ACTION ITEM
Omit all pictures. Quote only the lines from the one with "Duffs Tavern -44--03-07" through the end of the material below.

DATA BELOW
*-*-*
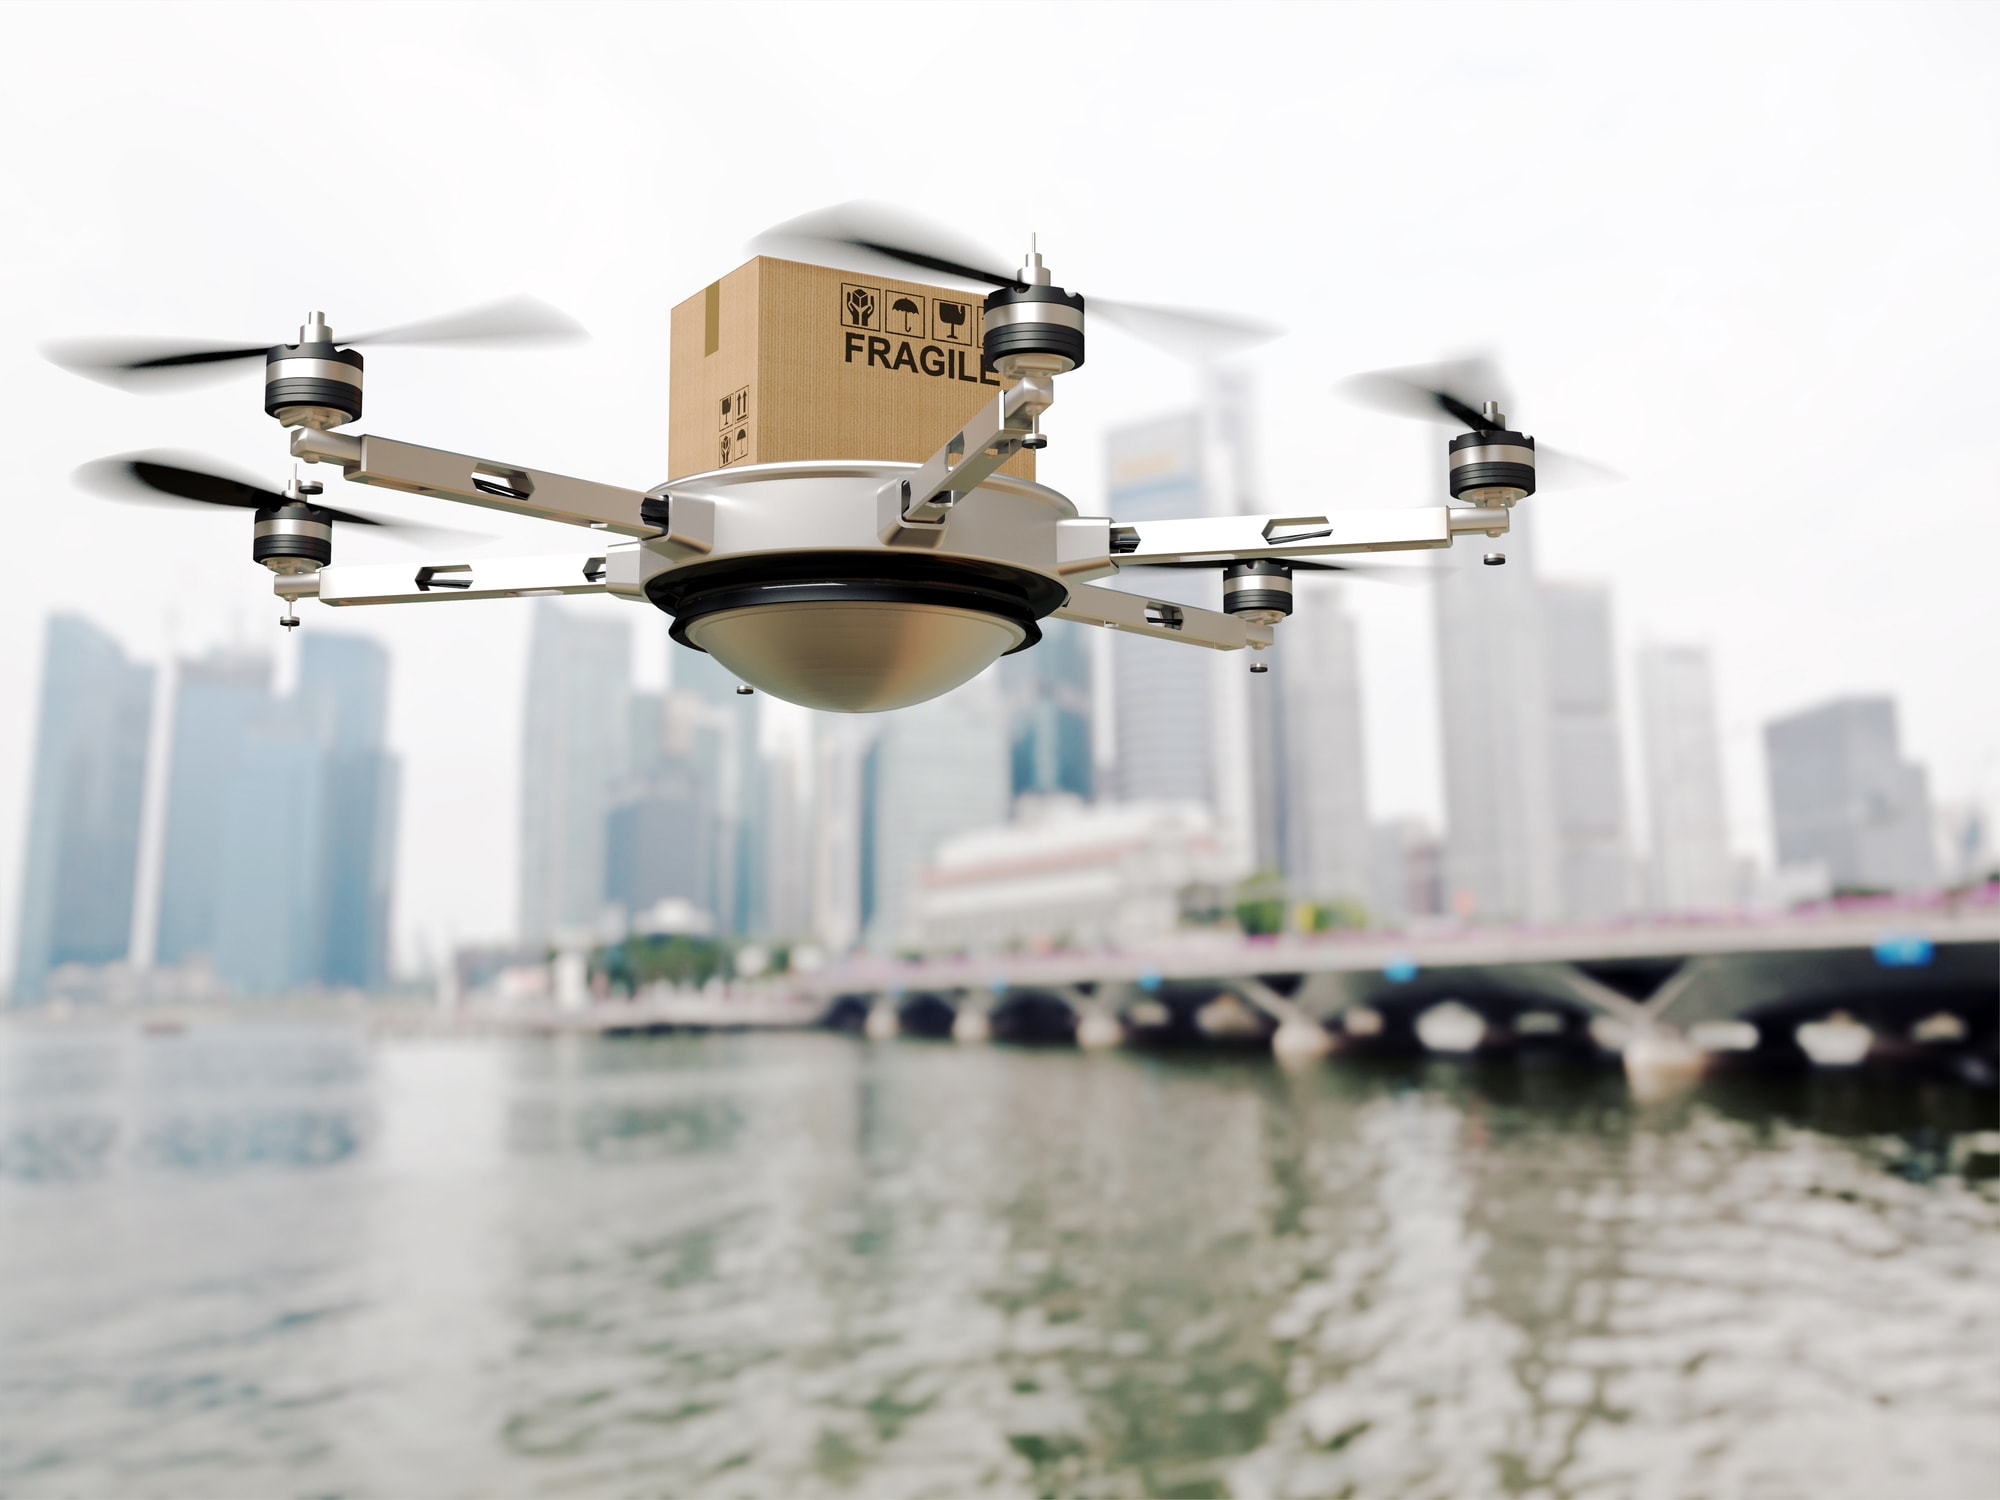 Drone Delivery Healthcare Retail
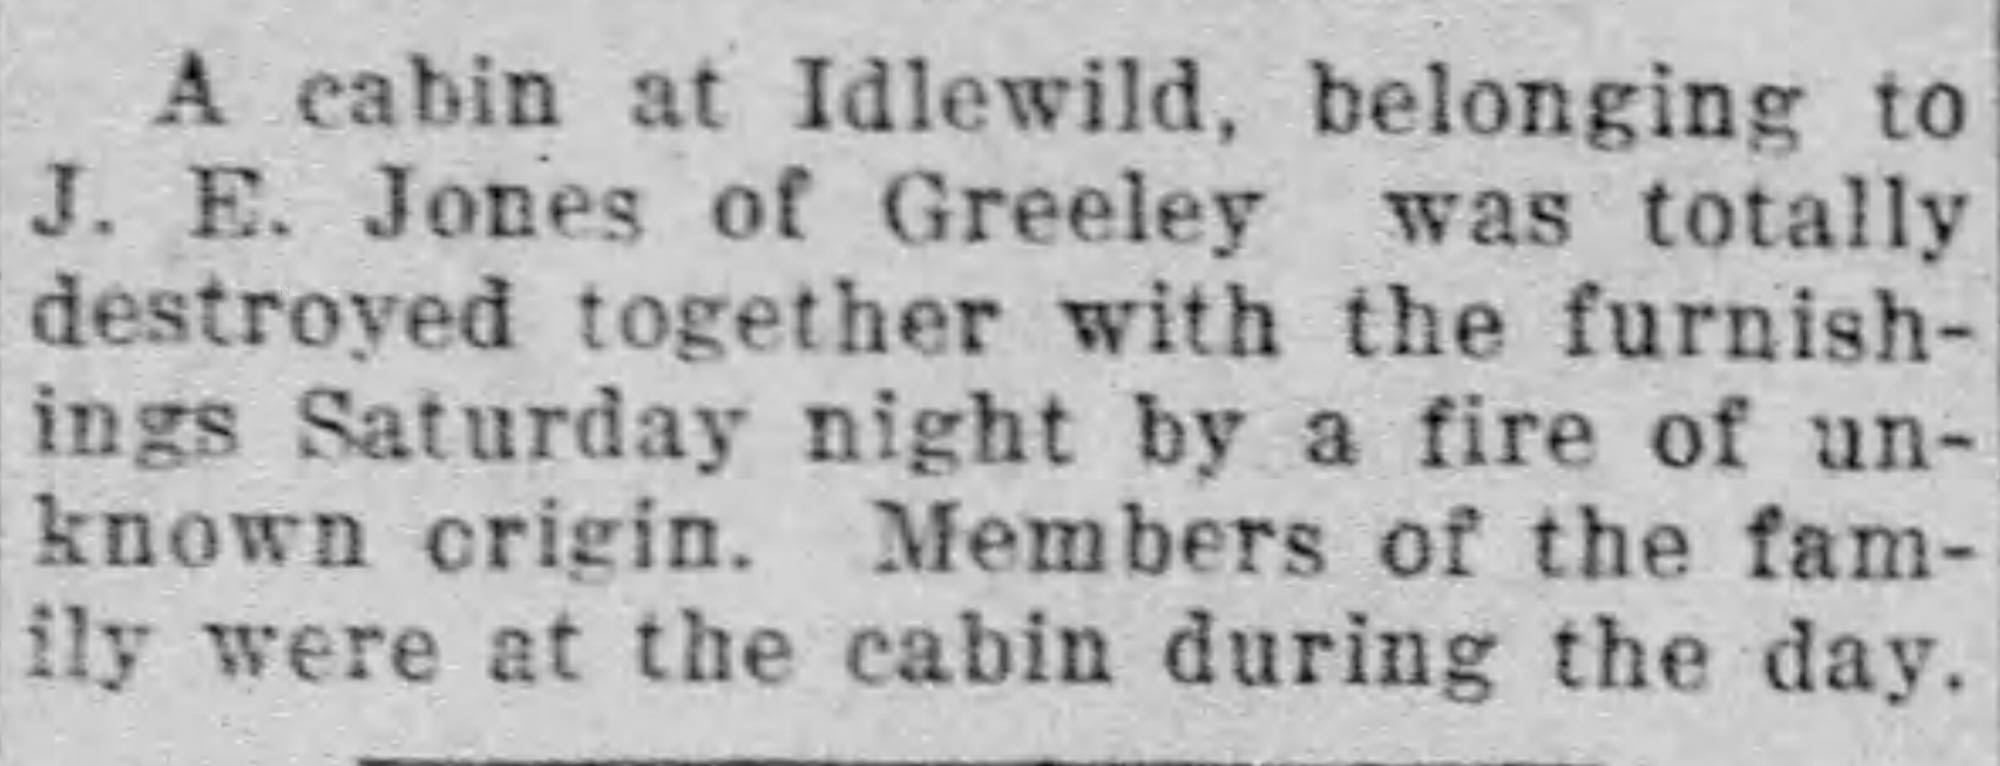 Idlewild Lodge - idlewildlodge.github.io - 1923-02-27 - The Fort Collins Courier - John Jones Cabin Fire
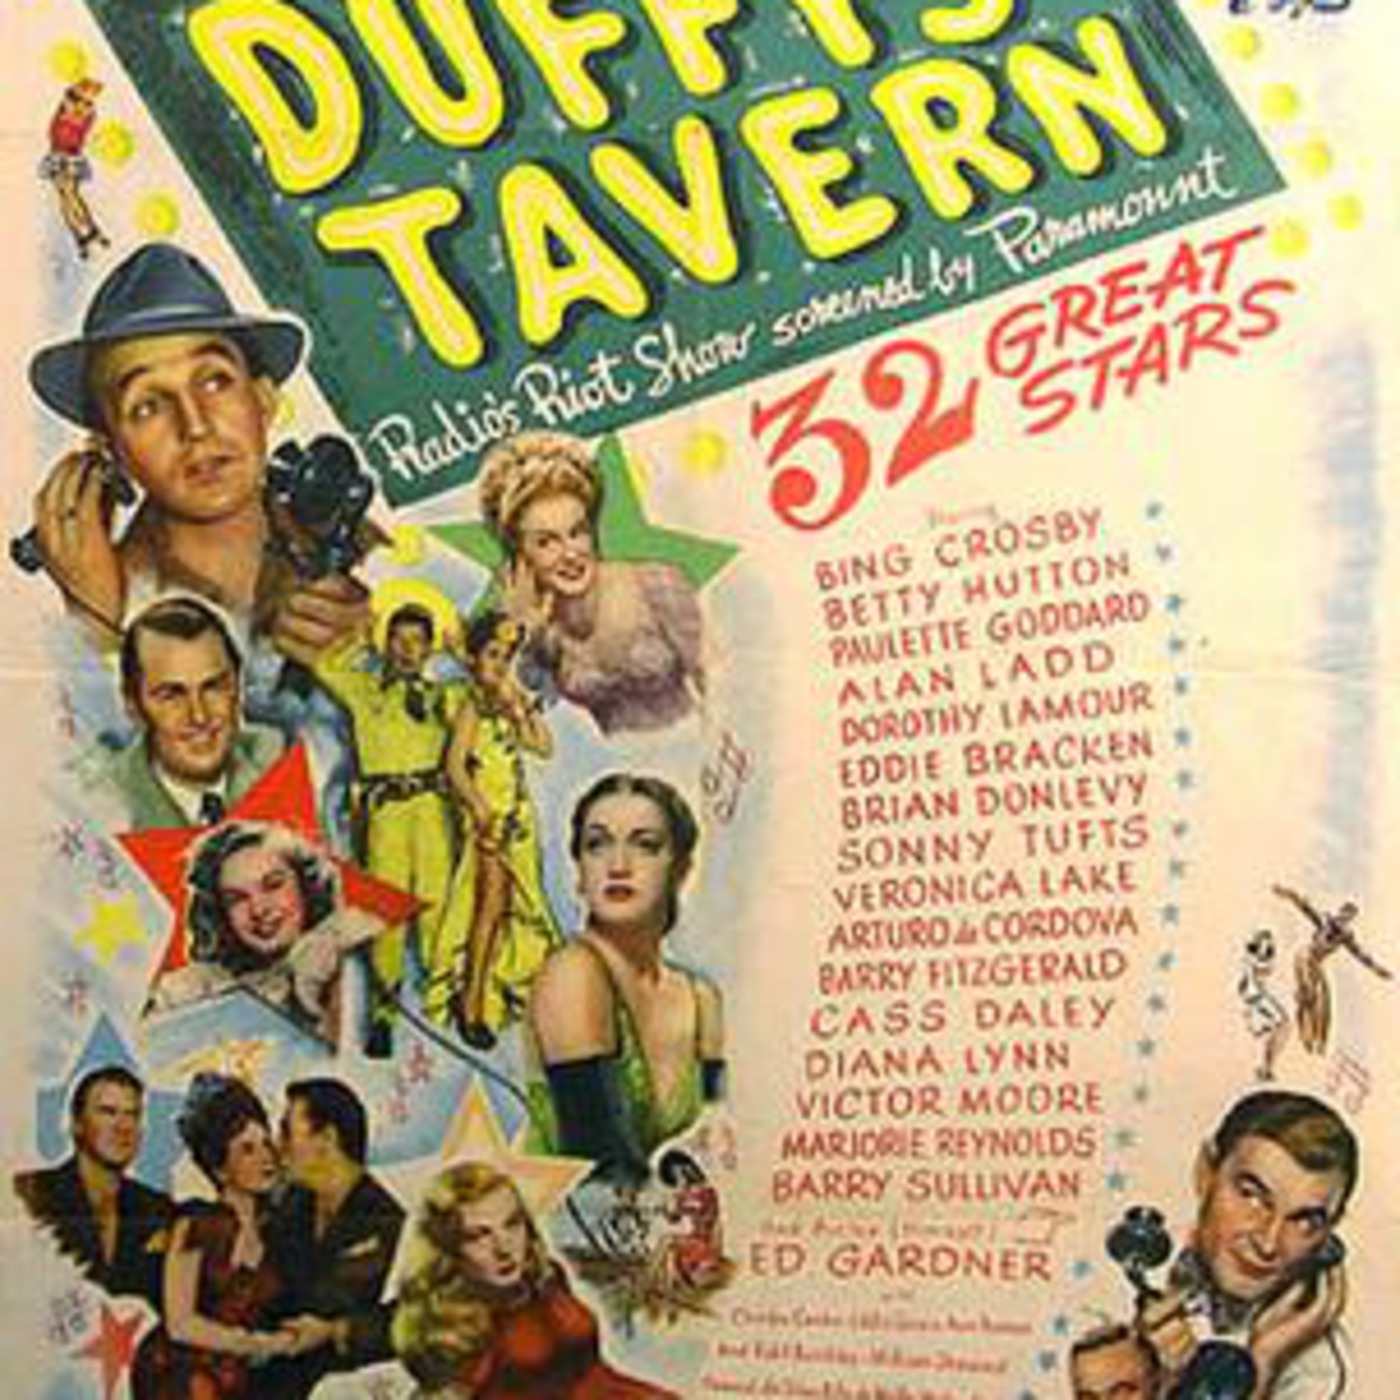 Duffs Tavern -44--03-07 Radio Americas Monday Edition
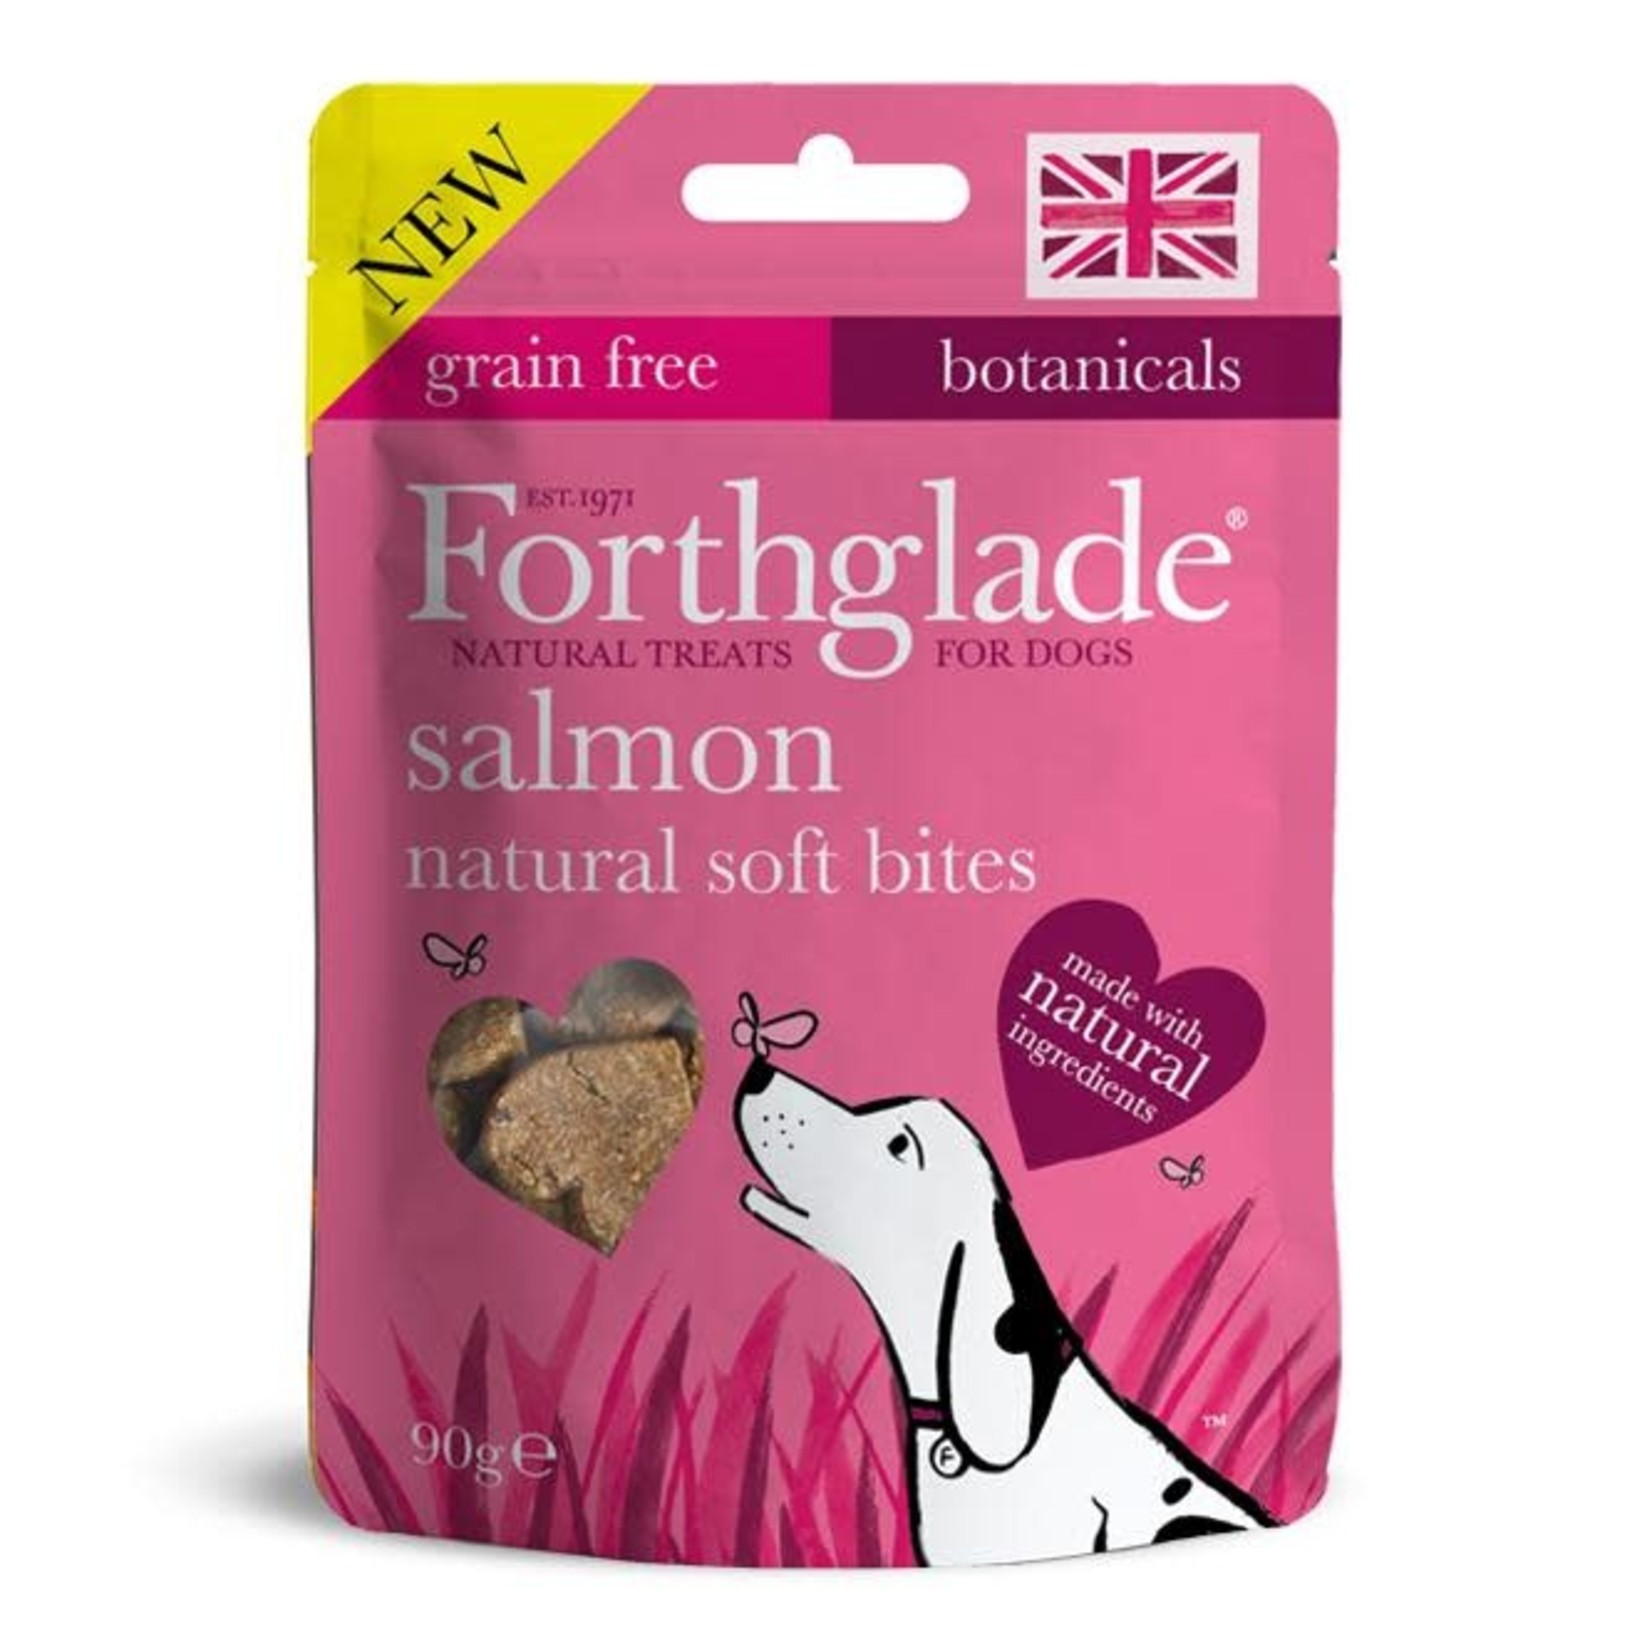 Forthglade Natural Soft Bites Salmon Dog Treats, 90g
*-*-*
RESULT
 Duffs Tavern -44--03-07 Radio Americas Monday Edition
 Forthglade Natural Soft Bites Salmon Dog Treats, 90g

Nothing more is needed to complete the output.